## [About this task]
From the records below, print only the part that opens with the line containing "北歐風輕奢午睡毯 沙發空調毯 針織小毯子披肩蓋毯床尾毯 適用客廳臥室四季通用" and closes with the line containing "Summer seaside landscape"; omit the pictures.

## [Provided data]
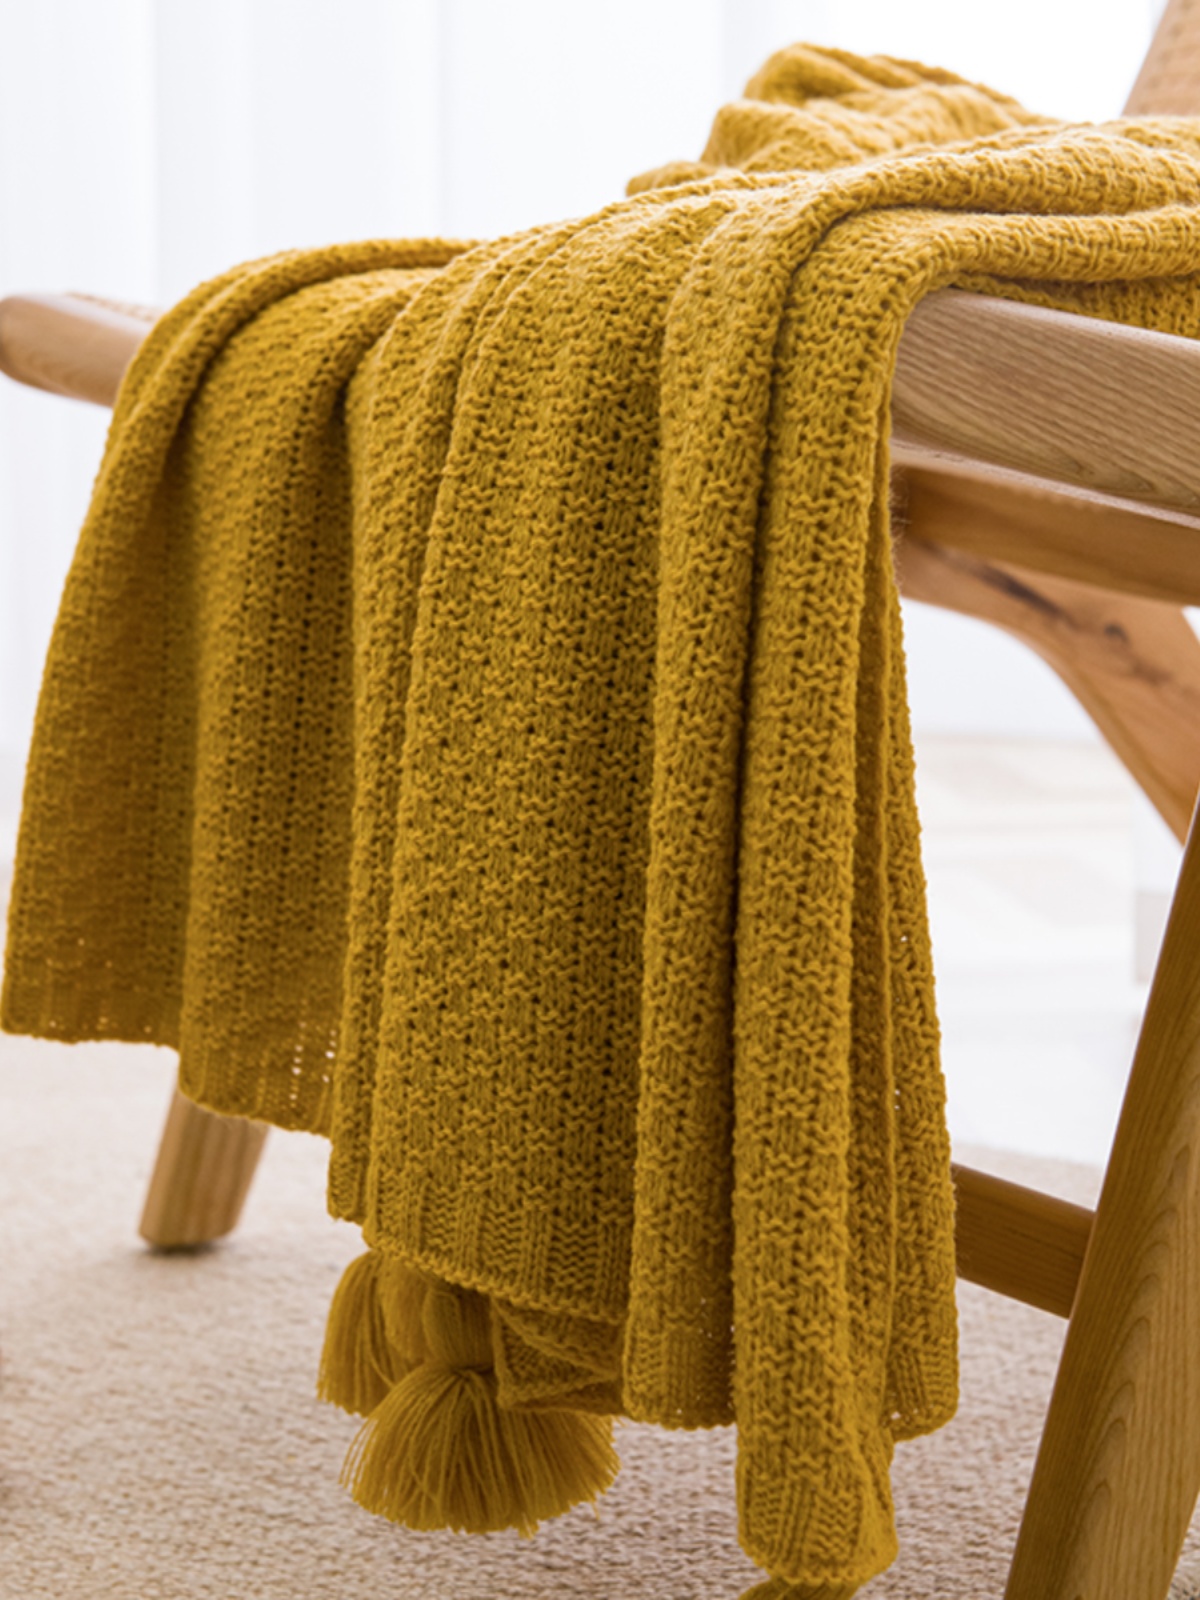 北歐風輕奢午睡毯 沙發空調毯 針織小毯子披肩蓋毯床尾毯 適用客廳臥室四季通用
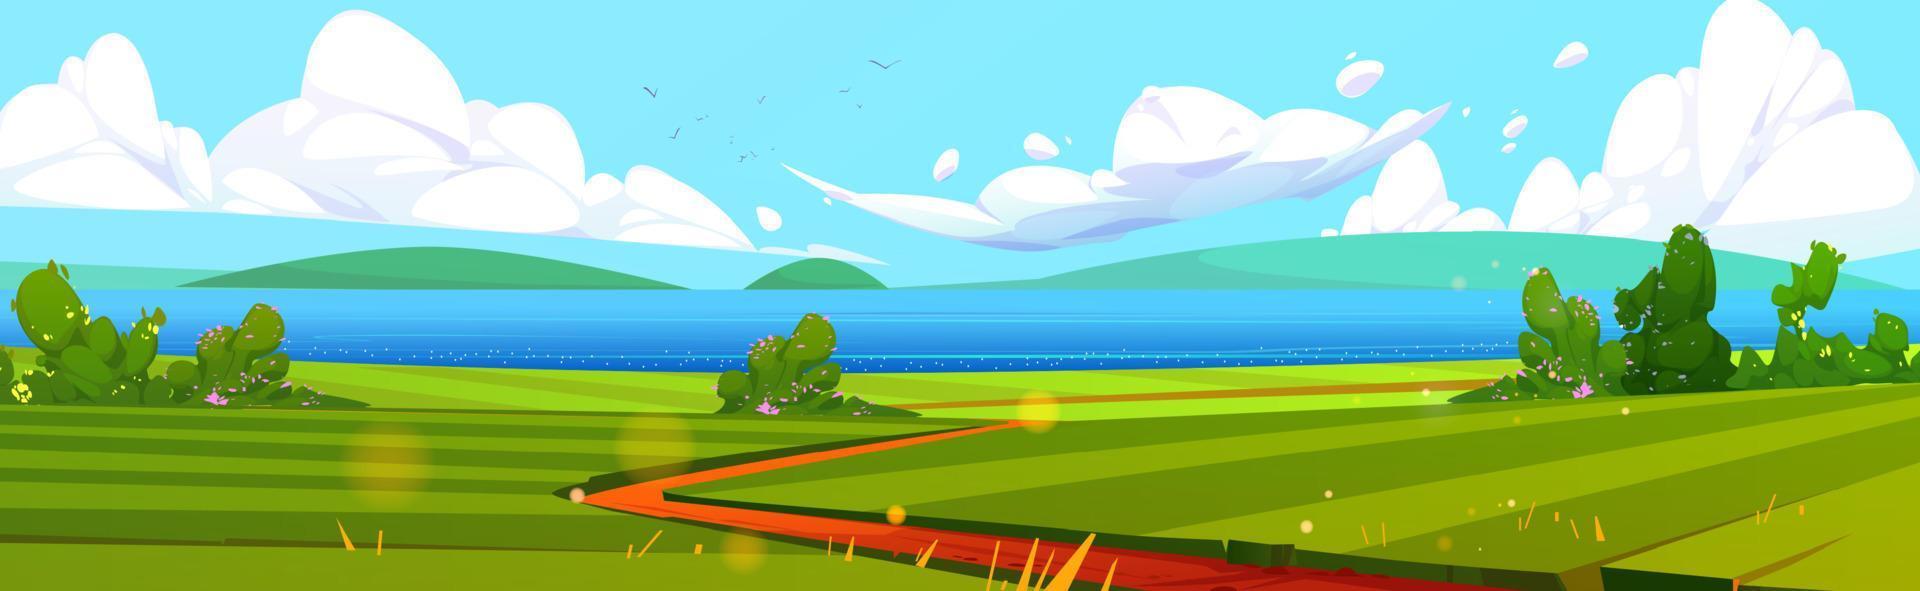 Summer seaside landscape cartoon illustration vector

...

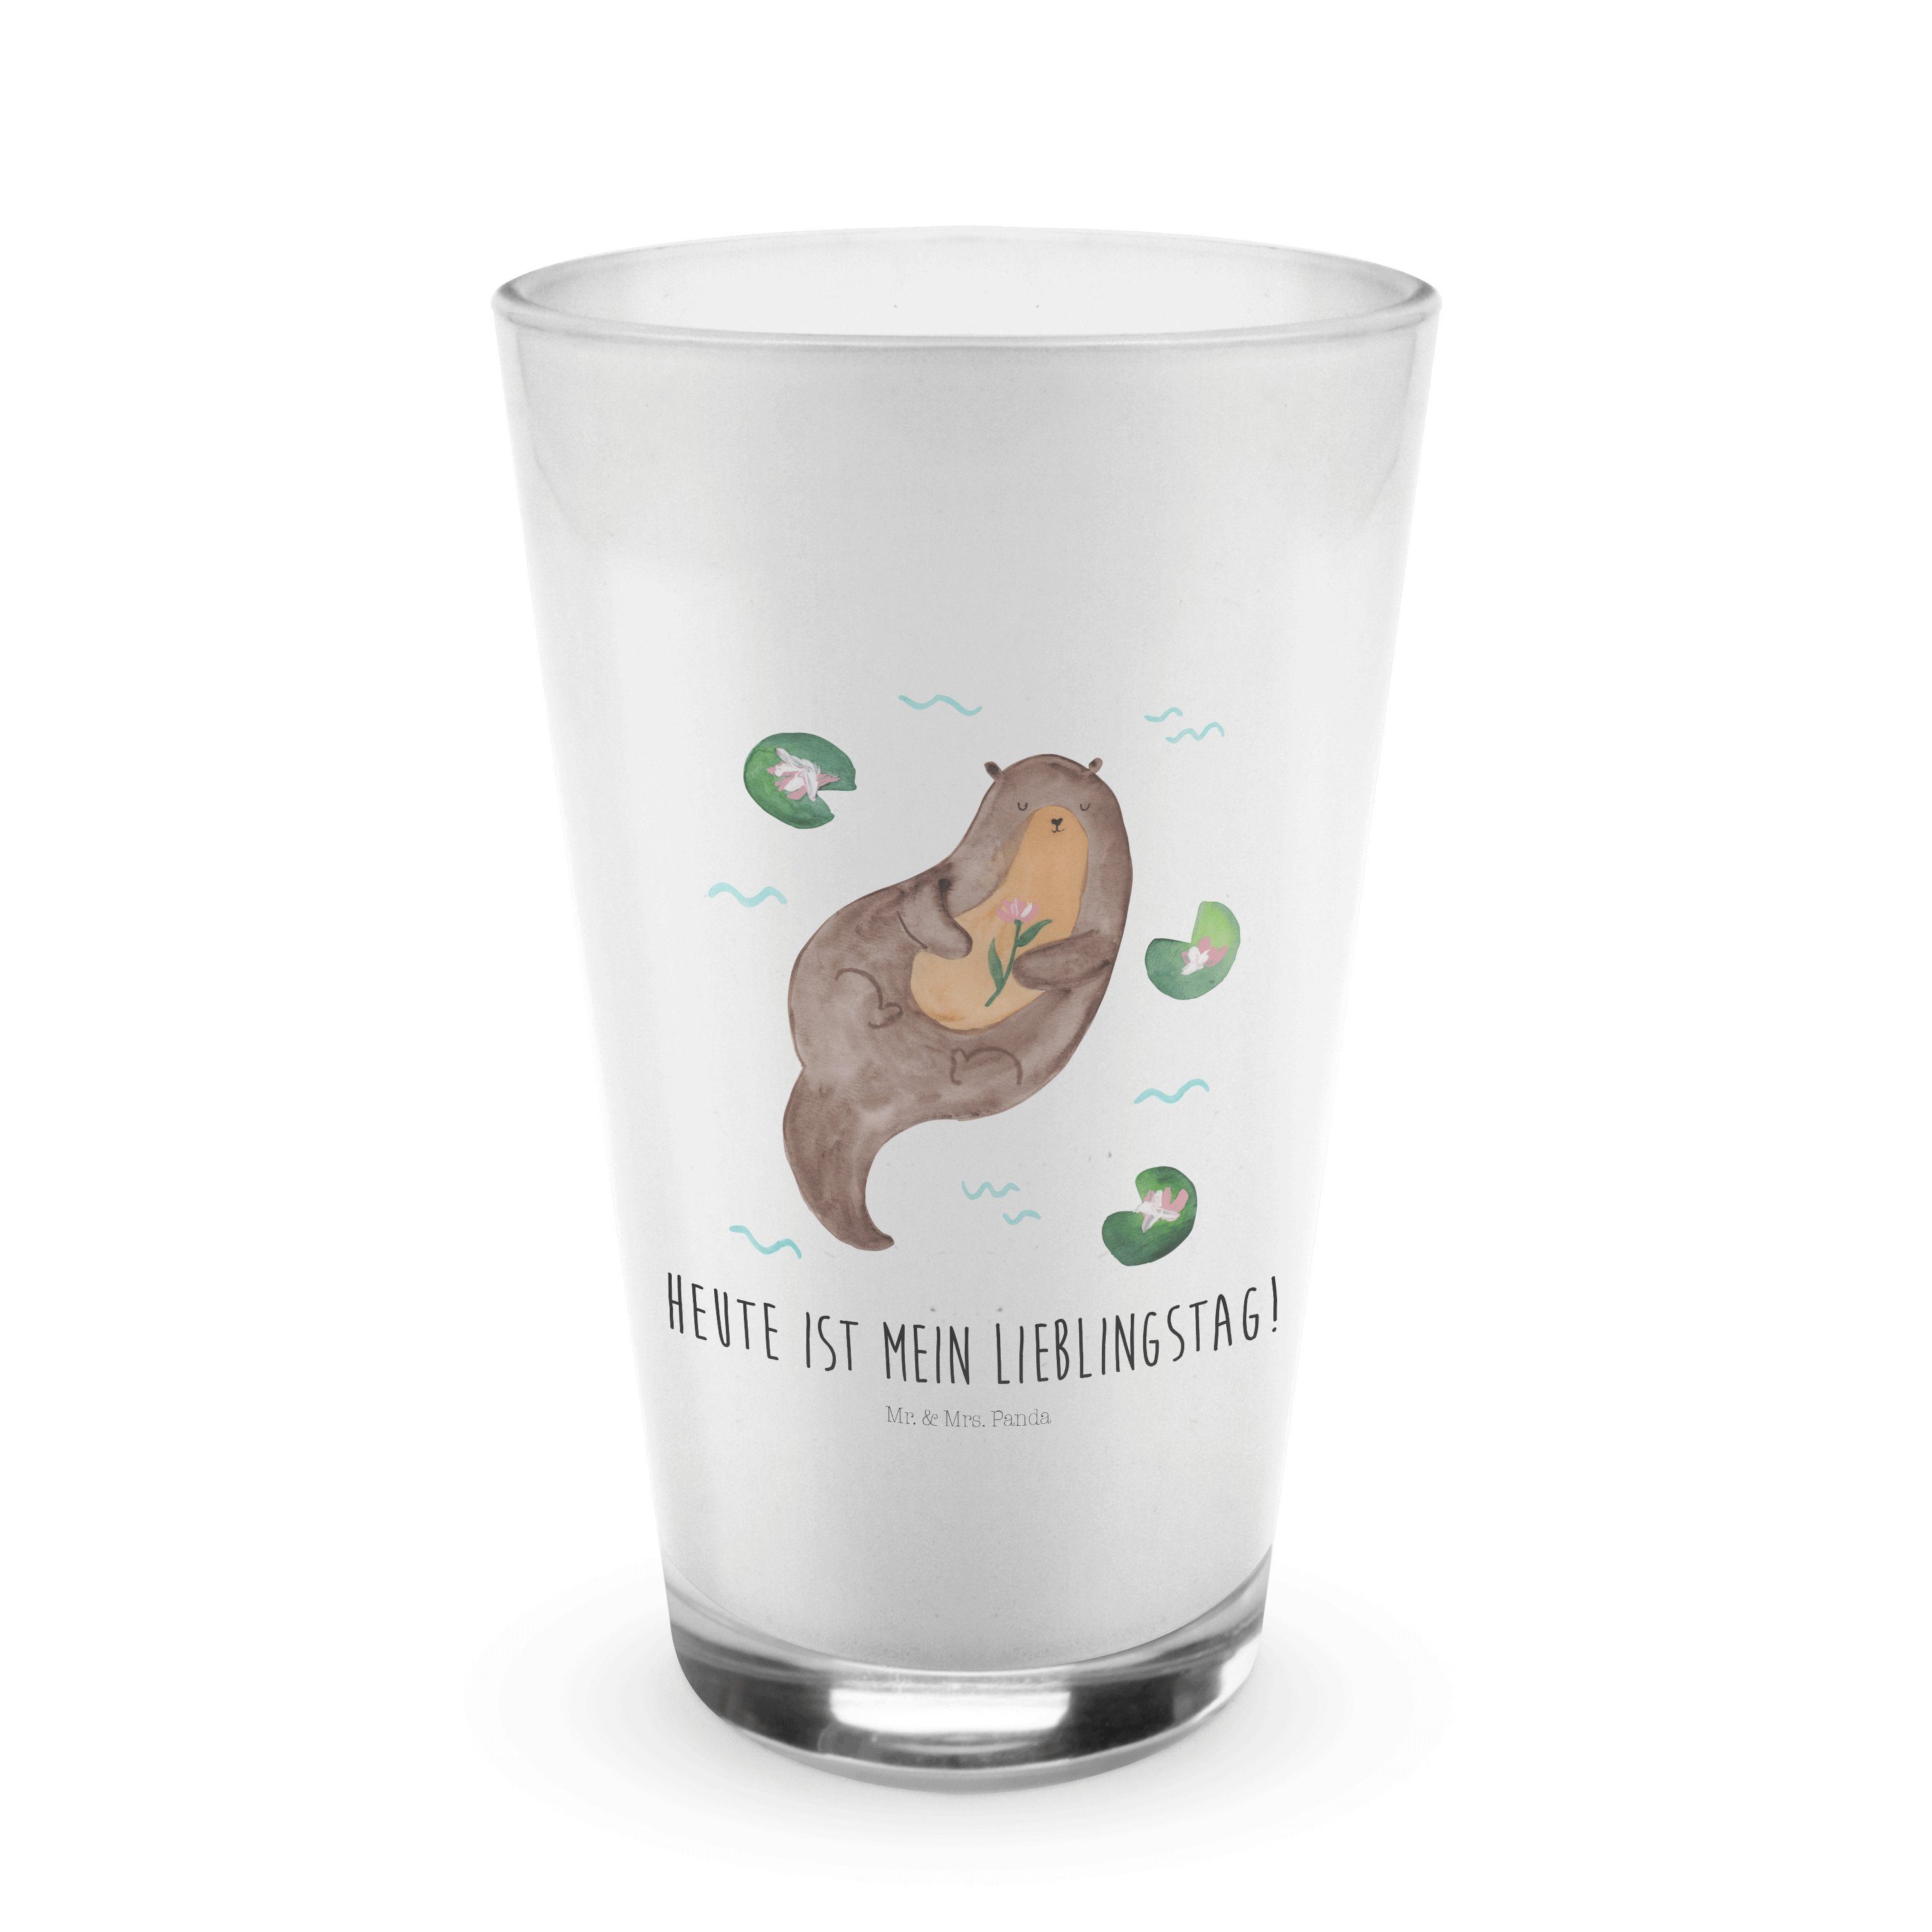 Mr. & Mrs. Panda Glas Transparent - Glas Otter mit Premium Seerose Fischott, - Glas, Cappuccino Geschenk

## [Result of this task]
 北歐風輕奢午睡毯 沙發空調毯 針織小毯子披肩蓋毯床尾毯 適用客廳臥室四季通用
 Summer seaside landscape cartoon illustration vector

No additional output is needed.